Poker has become amazingly popular recently. While some significant progress has been made towards algorithms which play well, very few of them can adapt to their opponents playing styles the way the best human players do.
In this problem, you will play a simplified version of the game, which we will call two-card draw. In this game, each player first antes 1 unit (puts 1 unit in the pot), and is then dealt two 'cards' where a card is simply a random integer from 0 to 4. After the players receive their cards, there is a round of betting. If no one folds (quits) in the first round of betting, each player may then exchange (or draw) 0, 1 or 2 of his cards for new cards. You will draw first, and then your opponent will draw, knowing how many cards you have exchanged. After this exchange, there is another round of betting, followed by a showdown (assuming no one has folded). In the showdown, the two hands are compared just like in regular poker. A hand with two cards that are the same always beats a hand with two different cards. If both hands have a pair (two cards of the same value) the higher pair wins. If neither hand has a pair, then the hand with the highest card wins. If each hand has the same highest card, then the other card is compared. If both hands are the same, then it is a tie. Whoever has the winning hand wins the pot, while the pot is split evenly if there is a tie.

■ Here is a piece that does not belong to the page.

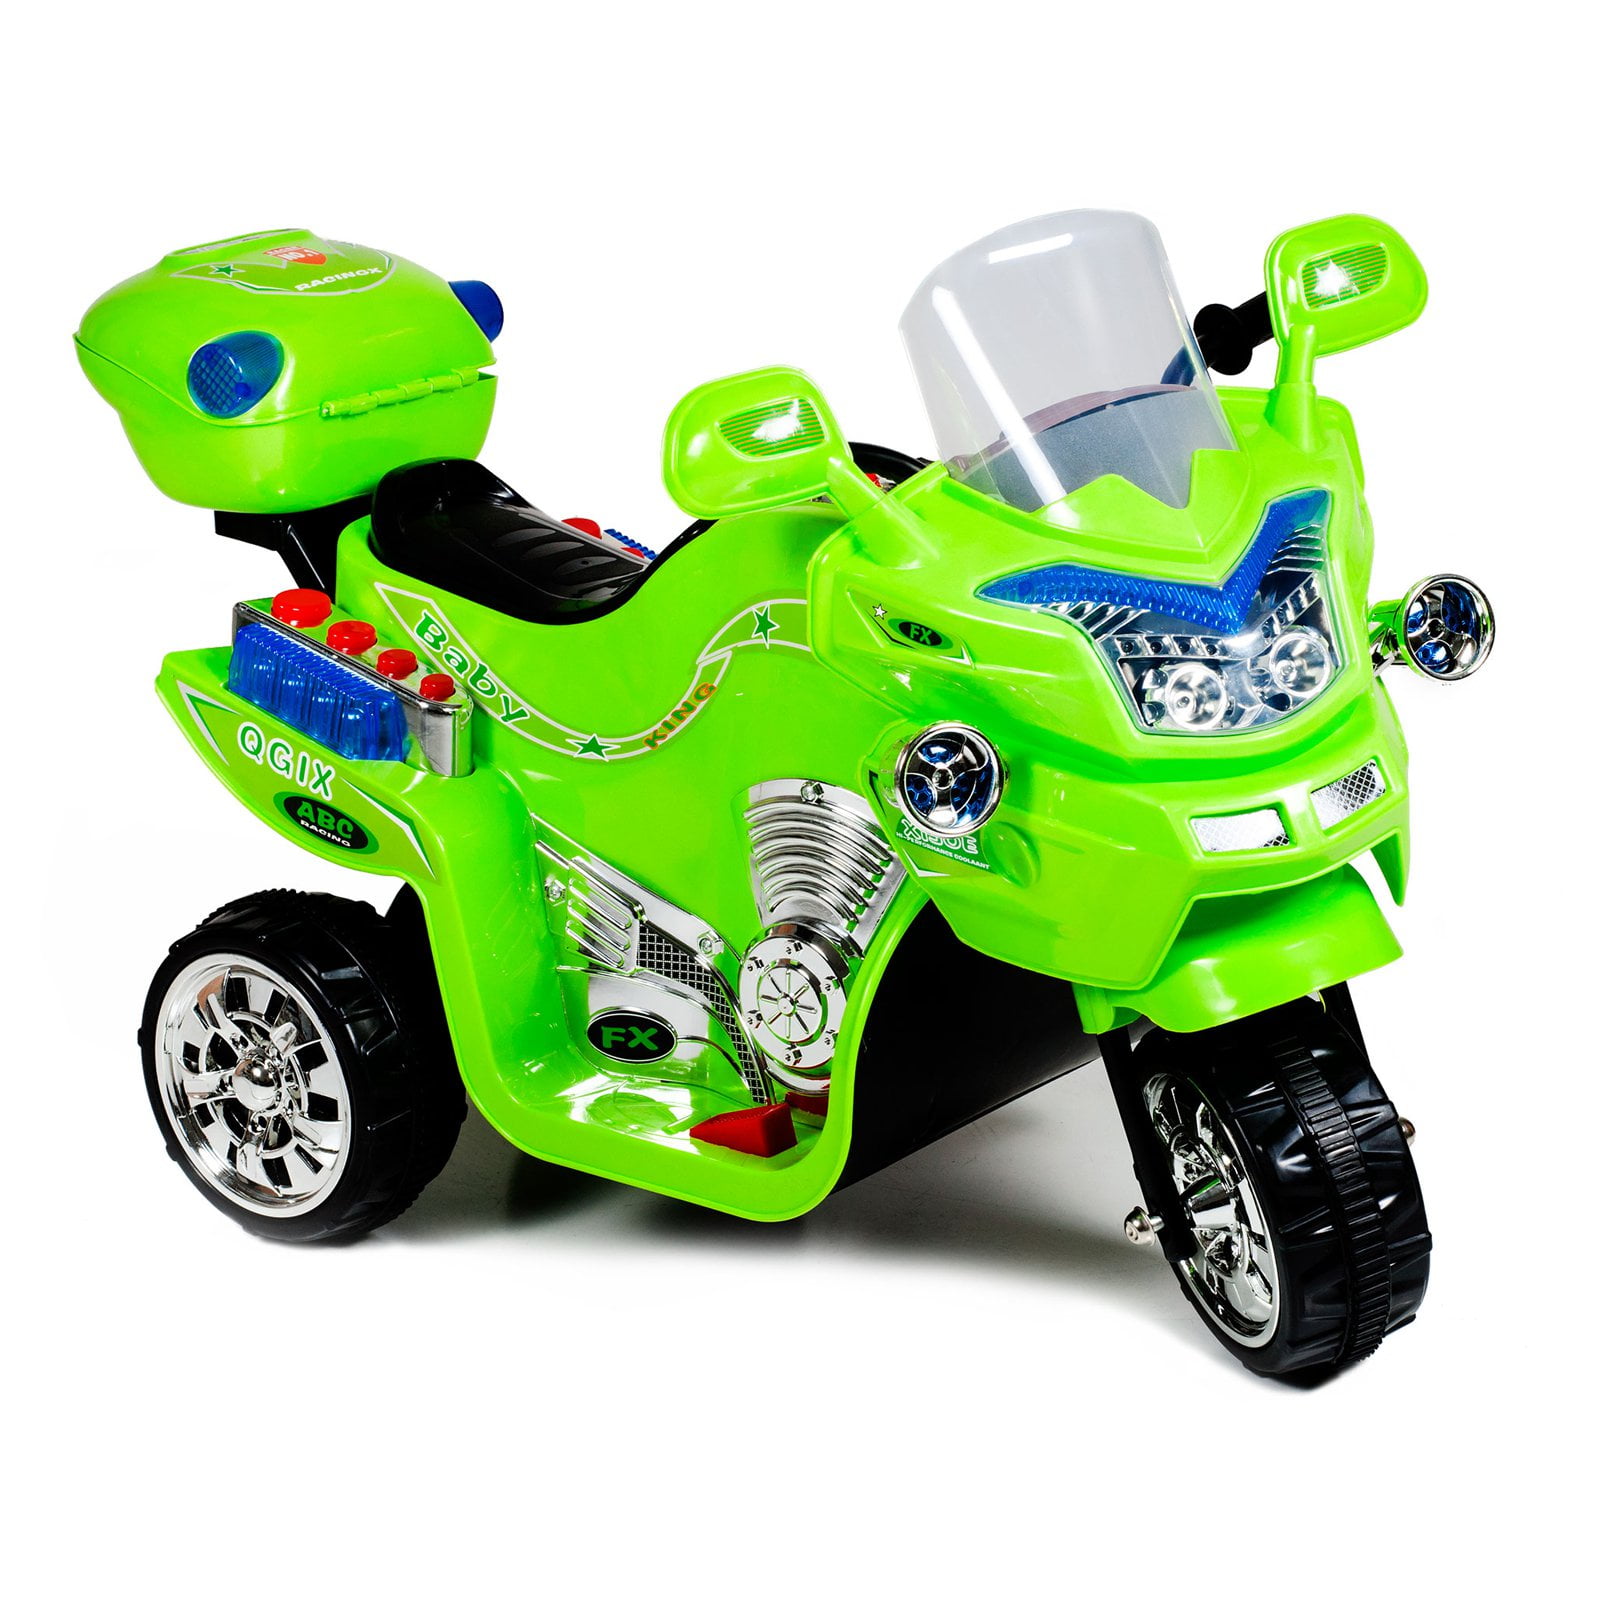 Mechanix 3in1 Motorbike Kit Block Tech Kids Toy 2017 for sale online

In each round of betting you act first and have two options: check or bet. If you check, you put no more money into the pot. If you choose to bet, you place either bet1 or bet2 units in the pot, depending on whether it is the first or second round of betting. After you decide to check or bet, your opponent can either fold, call, or raise. If he folds, you win the pot. If he calls, he puts the same amount in the pot as you, and the round of betting is over. If he raises, he matches your bet, and puts in one more of his own (whose size is either bet1 or bet2) , and then the decision is put back to you: fold (opponent wins), call (draw or showdown next), or raise. The two players may raise a combined total of at most 3 times in each round of betting (where choosing to bet initially counts as a raise). Thus, the following are the only reasonable valid betting sequences:
YOU | OPP | YOU | OPP | YOU ------+-------+-------+-------+------ check | call | | | check | raise | fold | | check | raise | call | | check | raise | raise | fold | check | raise | raise | call | check | raise | raise | raise | fold check | raise | raise | raise | call bet | fold | | | bet | call | | | bet | raise | fold | | bet | raise | call | | bet | raise | raise | fold | bet | raise | raise | call |
In this problem, you will be playing against the TopCoder server, which will play a fixed strategy in each test case. Though the server's strategy will be fixed, it will be probabilistic. Thus, in each situation, the server will make a random choice based on a fixed probability distribution and perform the action dictated by this choice. More specifically, we will use the term situation to indicate the combination of the cards held by the server, and all the past actions that have led to the current decision being made by the server. For instance, one situation is: server's cards = (1,1), you raised, the server called, you then drew one card. In this situation, the server must make a decision about how many cards to draw. It will make this decision based on a probability distribution associated with the above situation.
To play against the TC server, you must implement a number of methods, as described below.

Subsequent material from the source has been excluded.